▶ _TASK INPUTS_:
◇ ◇ ◇ ◇

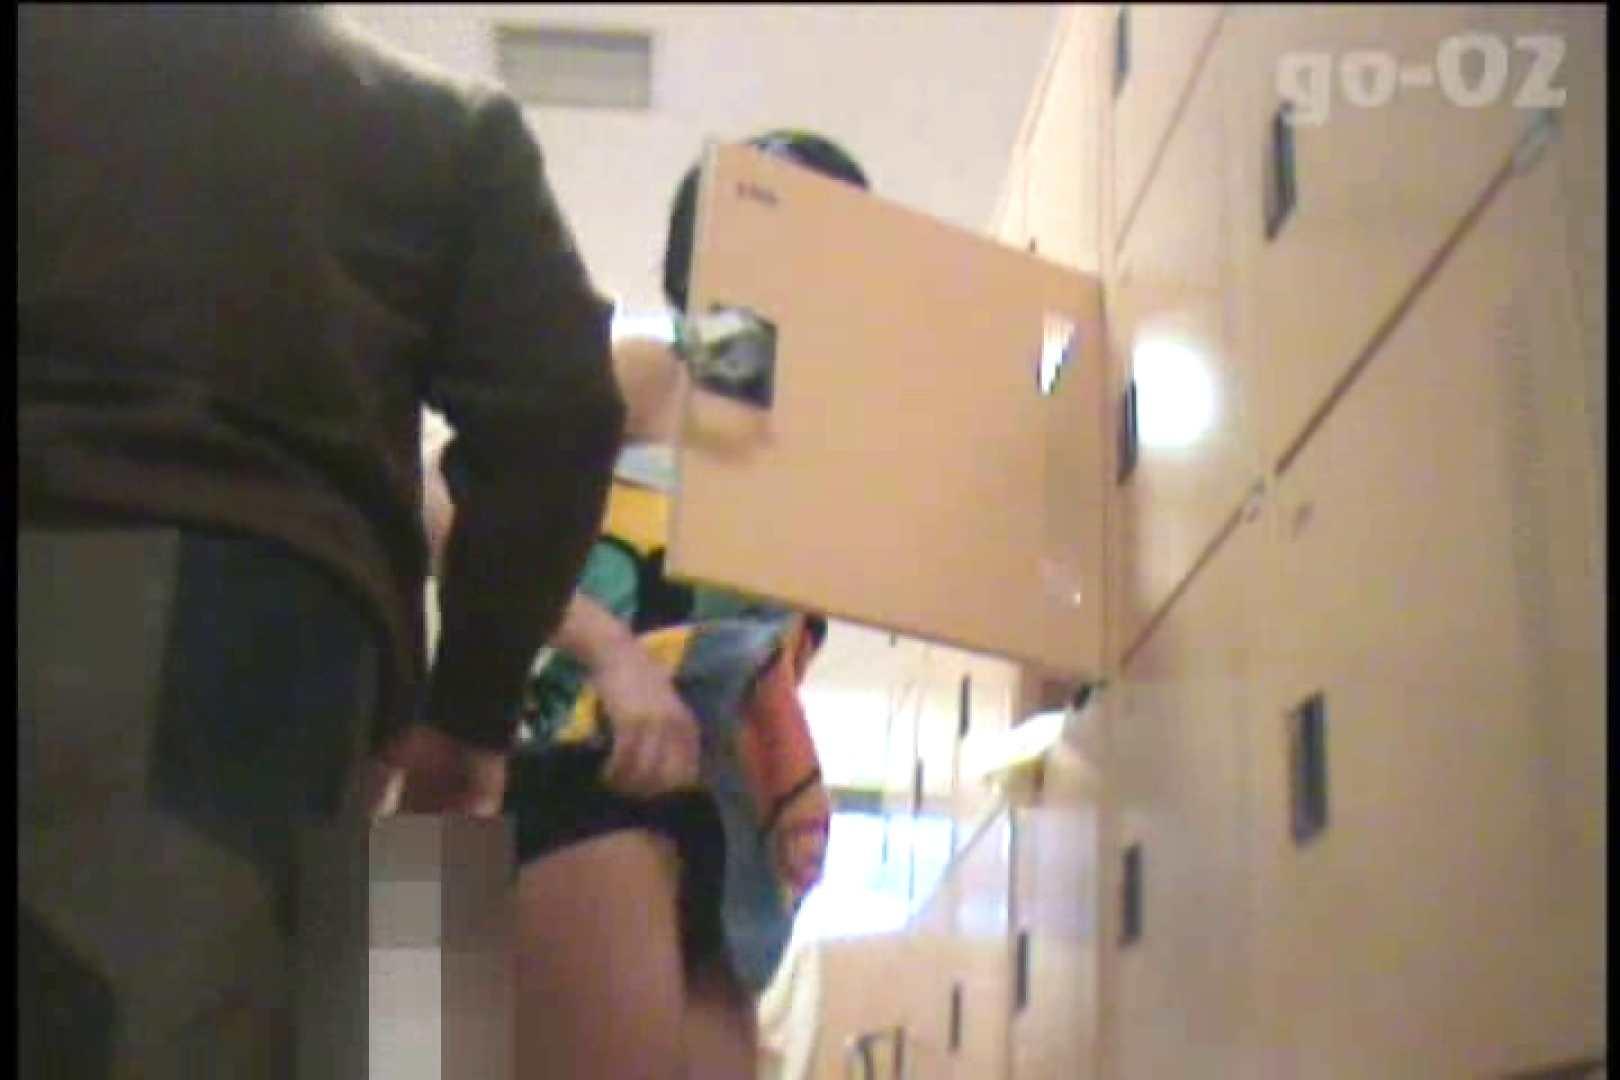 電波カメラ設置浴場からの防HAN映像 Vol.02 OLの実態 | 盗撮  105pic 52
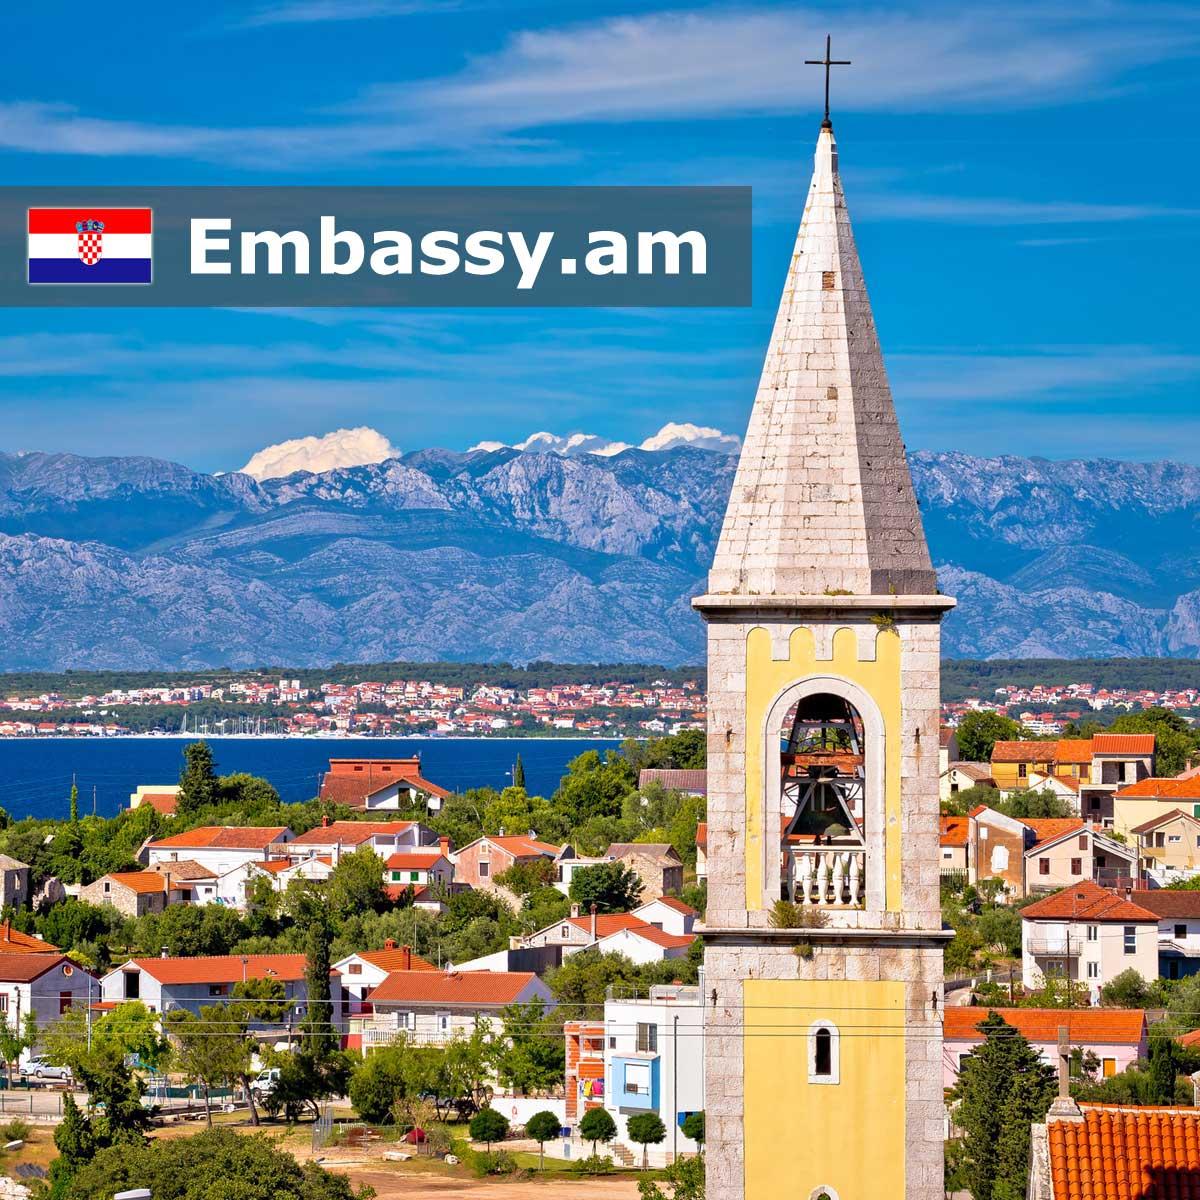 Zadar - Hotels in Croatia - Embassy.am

◇ ◇ ◇ ◇

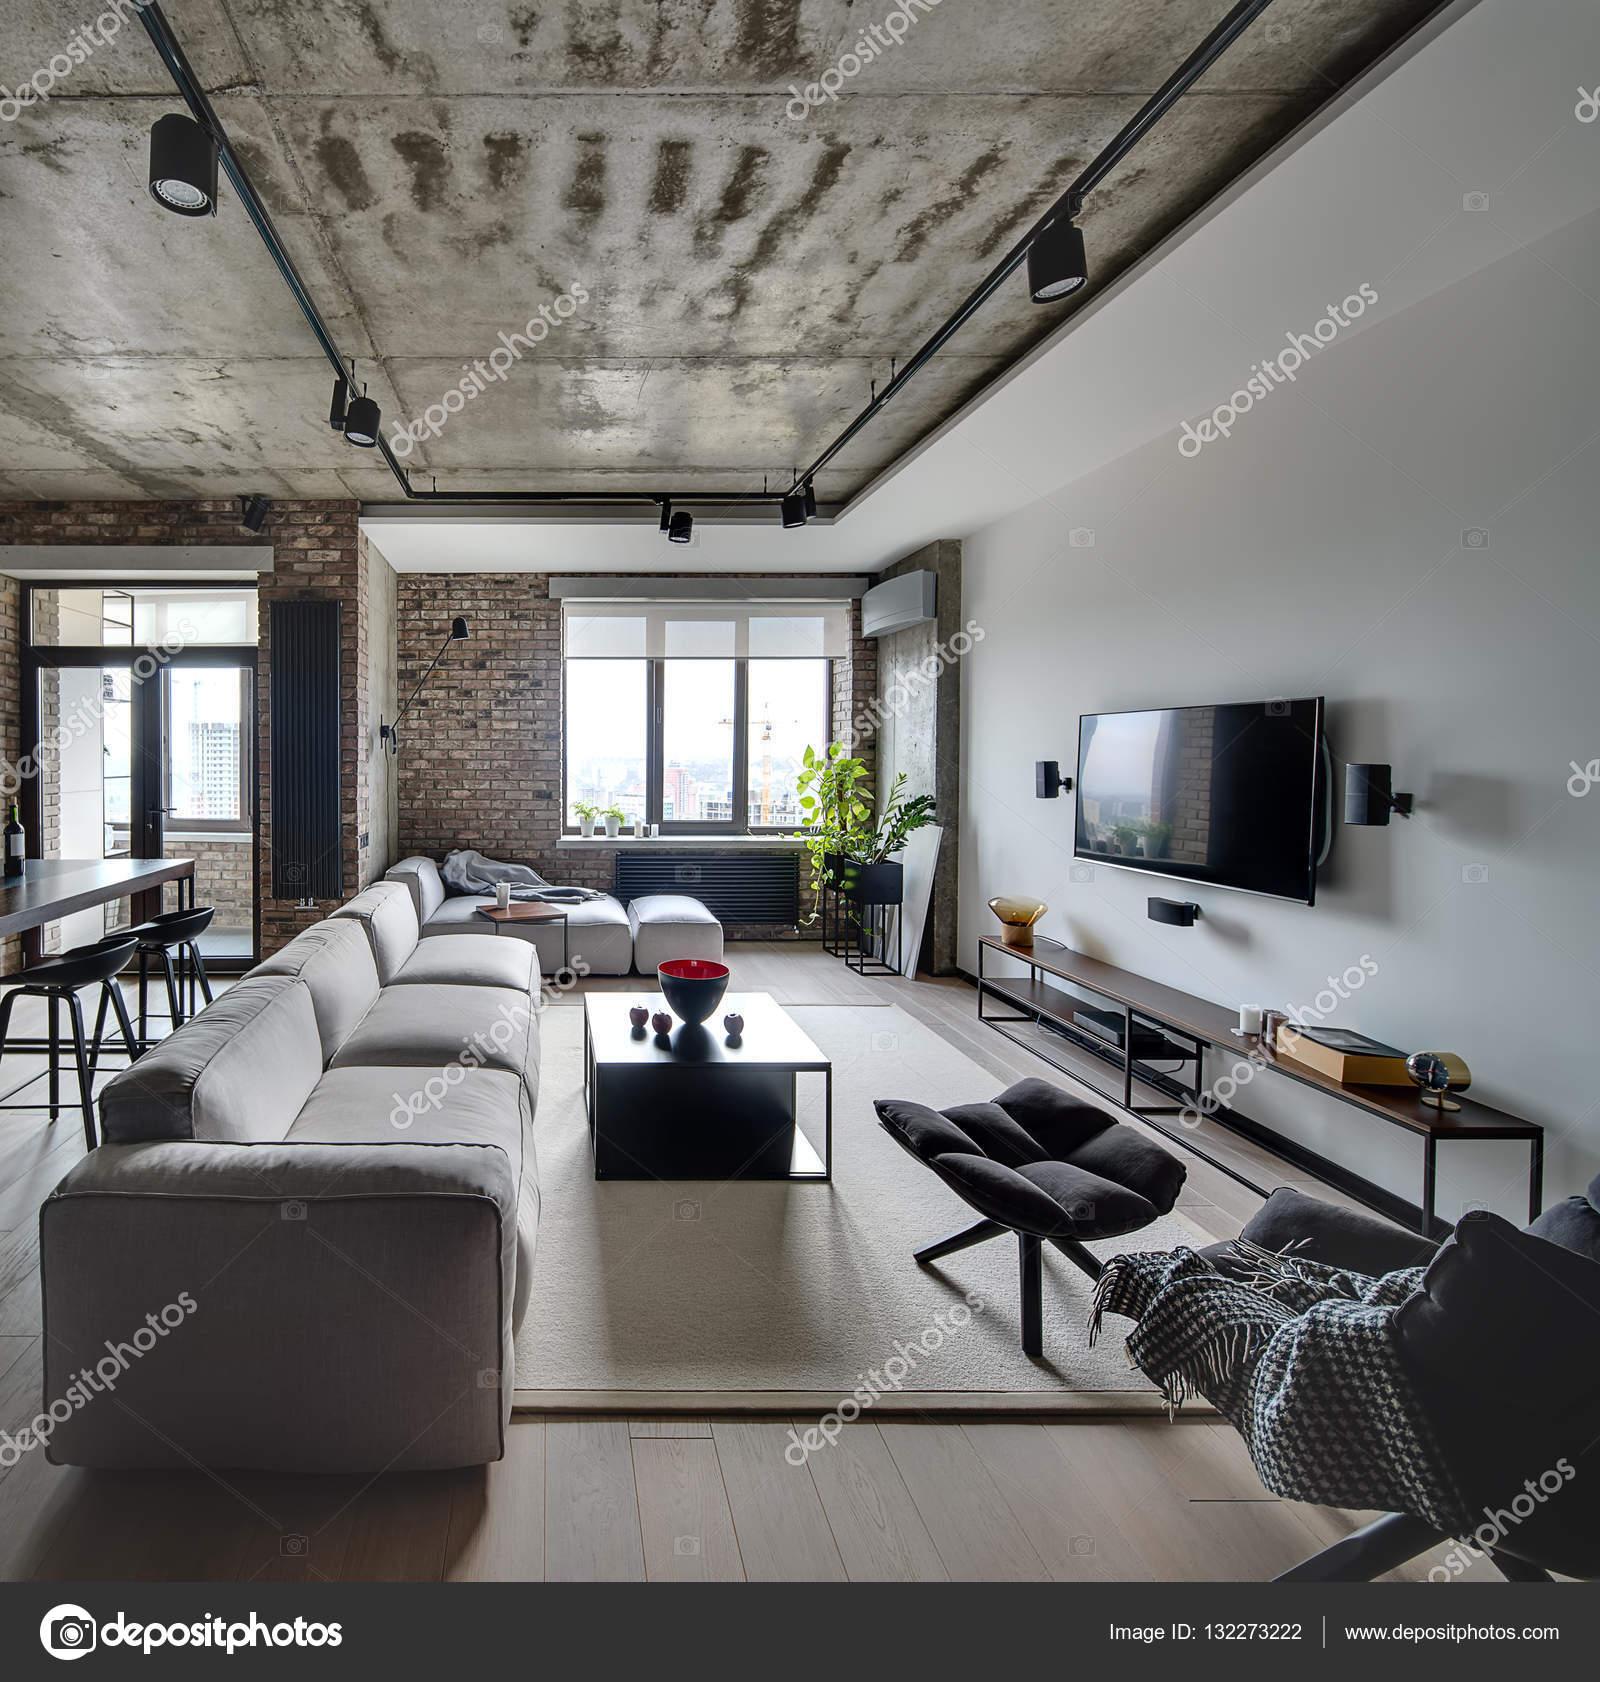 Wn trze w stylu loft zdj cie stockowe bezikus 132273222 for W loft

◇ ◇ ◇ ◇

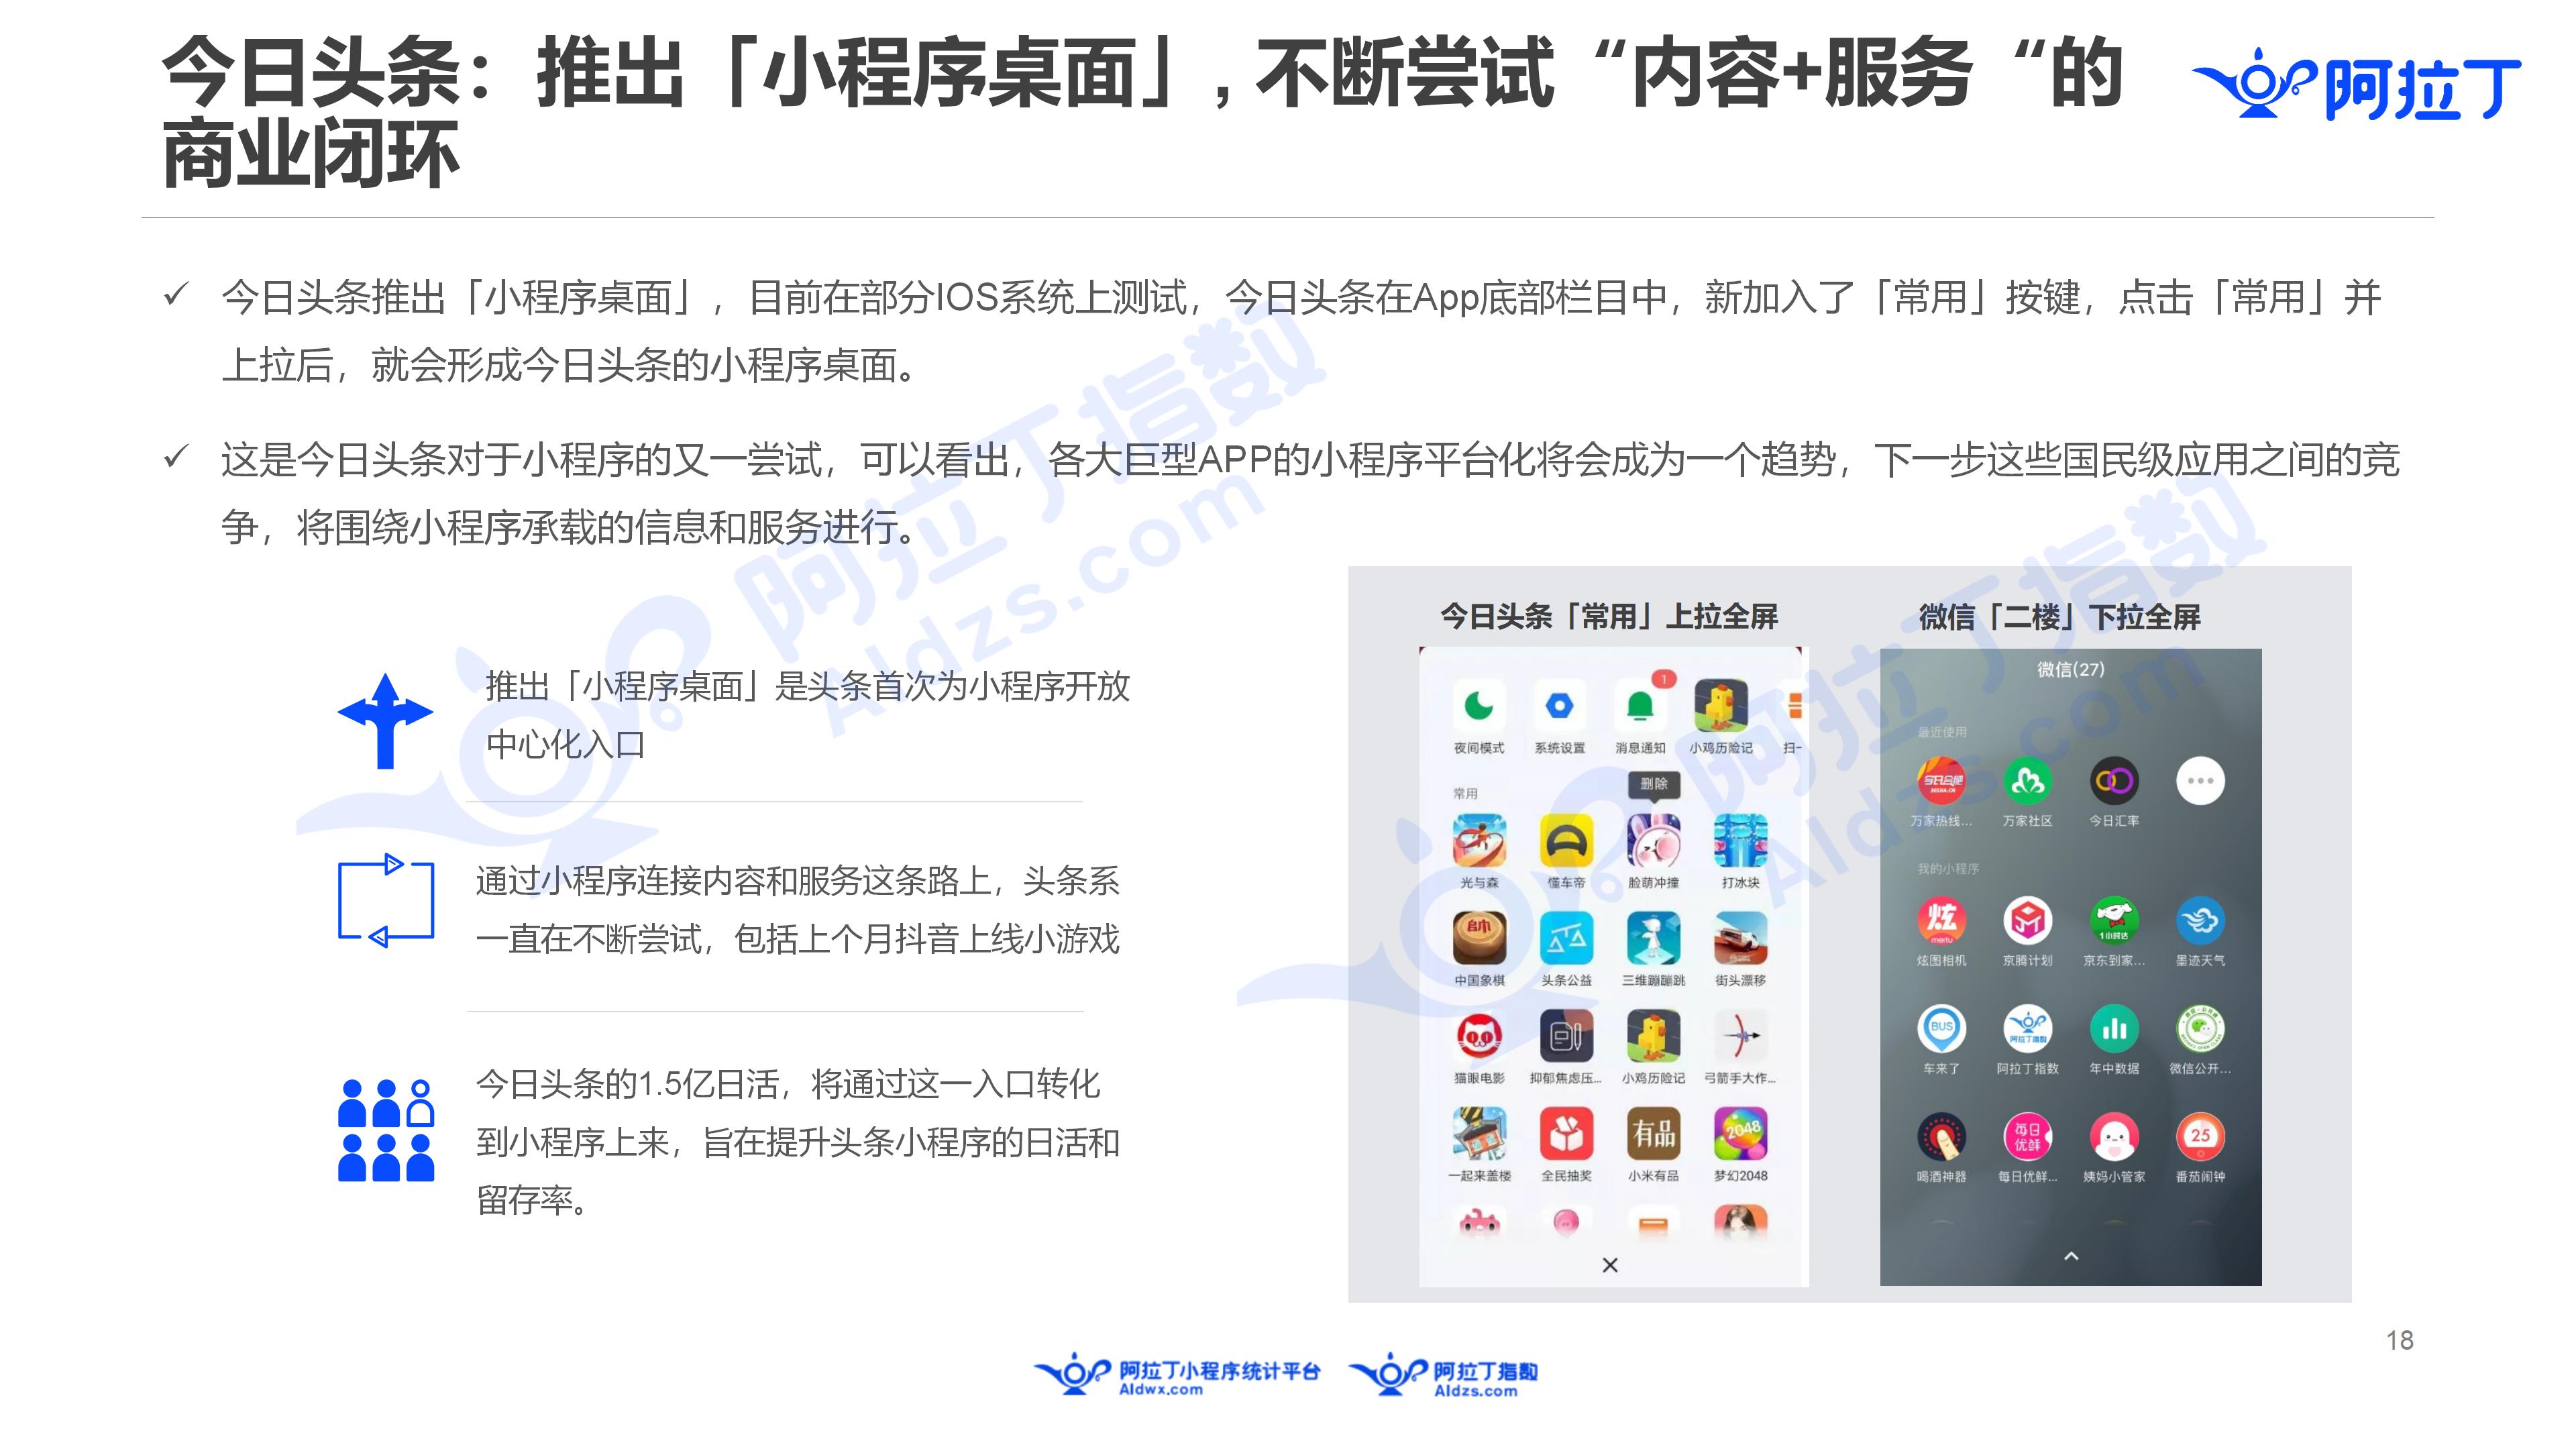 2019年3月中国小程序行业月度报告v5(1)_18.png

◇ ◇ ◇ ◇

▶ _WHAT YOU HAVE TO DO_:
Taking the material above, give again exactly the lines from the one holding "電波カメラ設置浴場からの防HAN映像 Vol.02 OLの実態" through the one holding "Zadar - Hotels in Croatia - Embassy.am", with both ends and without pictures.

▶ _EXPECTED OUTPUT_:
 電波カメラ設置浴場からの防HAN映像 Vol.02 OLの実態 | 盗撮  105pic 52
 Zadar - Hotels in Croatia - Embassy.am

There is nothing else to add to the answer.